Dönemin İslamcılık akımına dâhil olan ve bu fikir etrafından görüşler beyan eden Filibeli, “Meclis-i Ali İçtihat” kurulu adından yüksek içtihat kurulunun oluşturulmasını ve bu kurulun dünyadaki meşhur Müslüman mütefekkirlerden oluşması gerektiğini söyler. Bunların yapacağı içtihatların Müslümanlar için yol gösterici olacağını söyleyen Filibeli, bu kurulun “Tevhid-i Mesahip” yani var olan mezheplerin incelenerek tek bir çatı altında toplanması gibi bir vazifesinin olduğunu da söylemektedir.

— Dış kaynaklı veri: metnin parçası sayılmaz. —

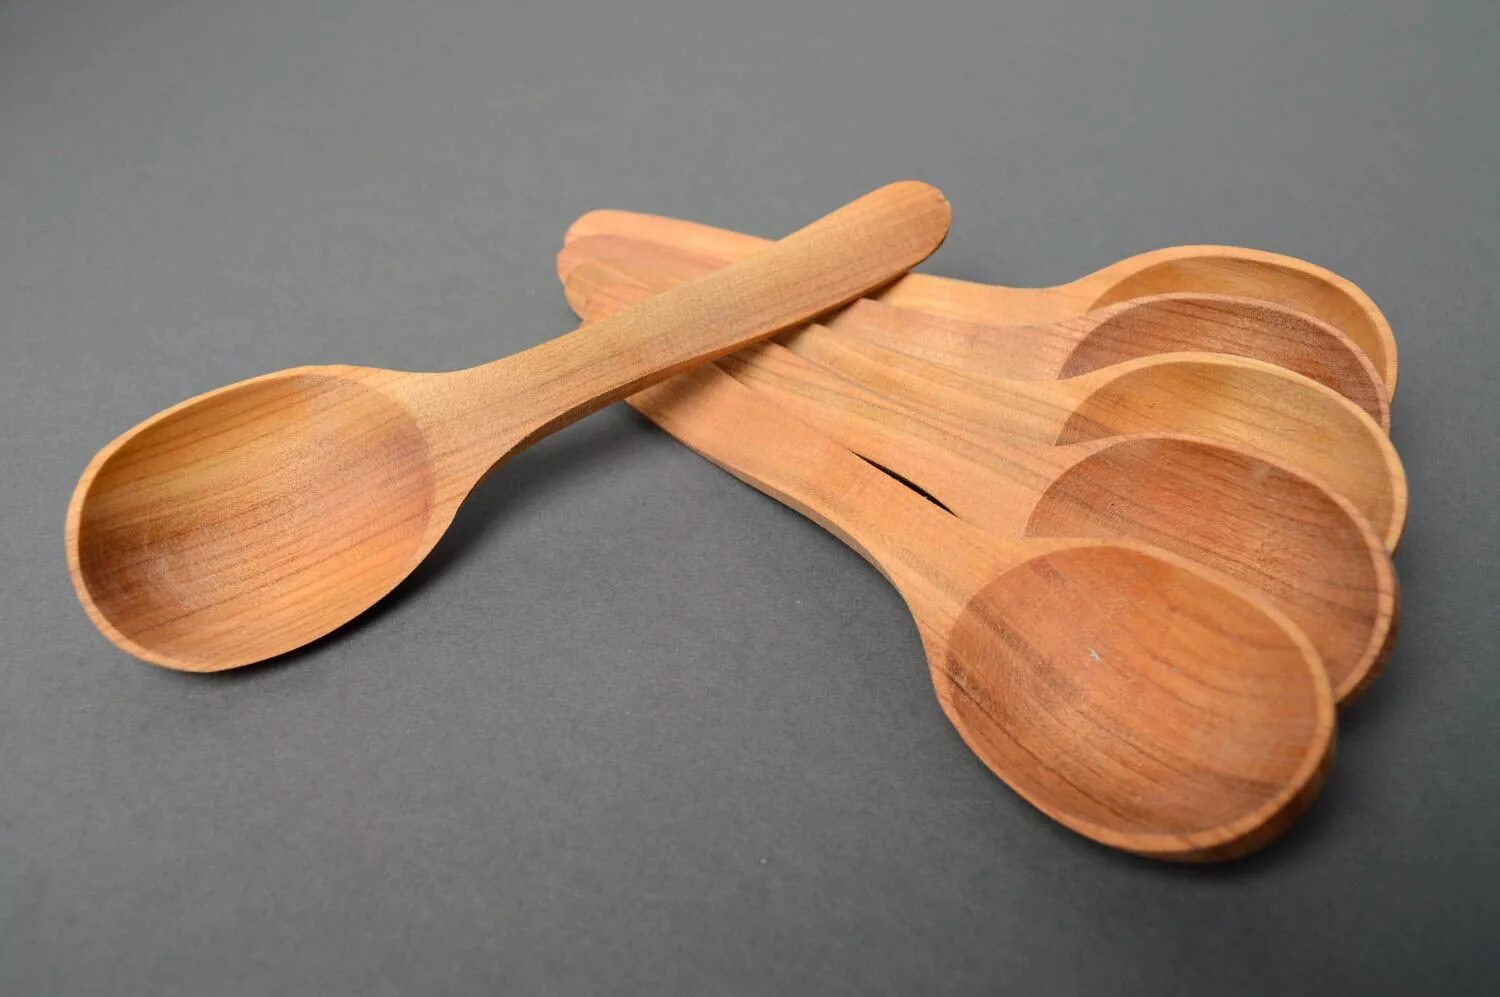 Wooden spoon. Деревянная ложка. Большая деревянная ложка. Плоская деревянная ложка. Ложка деревянная с длинной ручкой.

Filibeli’ye göre bu umumi mezhebin en belirgin vasfı “hikmet ve siret” olmasıdır. Ayrıntı kabilinden şekilciliğe dalarak dini hissi öldürmemelidir. Üzerinden durulacak en önemli konu “tevhidin” adam akıllı ortaya konması olmalıdır. İslam dünyası tenzih ve teşbih anlayışının getirdiği yanlış bir Allah tasavvuru ile sapmalara uğramıştır. Filibeli bu konuların ele alınması ile Müslümanların ontolojik tasavvurunu yeniden inşa etmek ister gibidir. Ona göre “Ne şöyledir ne de böyle” itikadi sapmalar olmuştur. Bir yanda boşluğa ulûhiyet atfedenler, diğer yanda insana, türbe ve hatıralara tapanlara kadar ontolojik denge bozulmuştur. Allah tasavvuru yara almıştır. Müslümanların zihninde “Arş denen yerde oturan bir tanrı” fikri yerleşmiştir.

Eserleri: Abdülhamid ve Seyyid Muhammedü'l Mehdi ve Asr-ı Hamidi'de Alem-i İslâm ve Sunisîler (1325/1909), Tarih-i İslâm (2 cilt, 1326/1910), A'mak-ı Hayâl (1326), Vay Kız Beğciği Seviyor (1326), Öksüz Turgut (1326), İstibdadın Vahşetleri yahut Bir Fedainin Ölümü (1326), Allah-ı İnkar Mümkün müdür? Yahut Huzur-ı Fende Mesâlik-i Küfür (1327/1911), Felsefeden Birinci Kitap: İlm-i Ahval-i Ruh (1327), Yirminci Asırda Alem-i İslâm ve Avrupa (1327), Beşeriyetin Fahr-i Ebedisi Nebimizi Bilelim (h.1331/1915), Muhalefetin İflâsı (h.1331), Huzur-ı Akl ü Fende Maddîyyûn Meslek-i Dalâleti (h. 1332/1916), Yeni Akadi: Üssü İslâm (h.1332), Hangi Meslek-i Felsefeyi Kabul Etmeliyiz (1329/1913), Akvâm-ı Cihan (1329), Türk Ruhu Nasıl Yapılıyor? (1329), Türk Armağanı (ty.), Müslümanlar Dinleyiniz (ty.).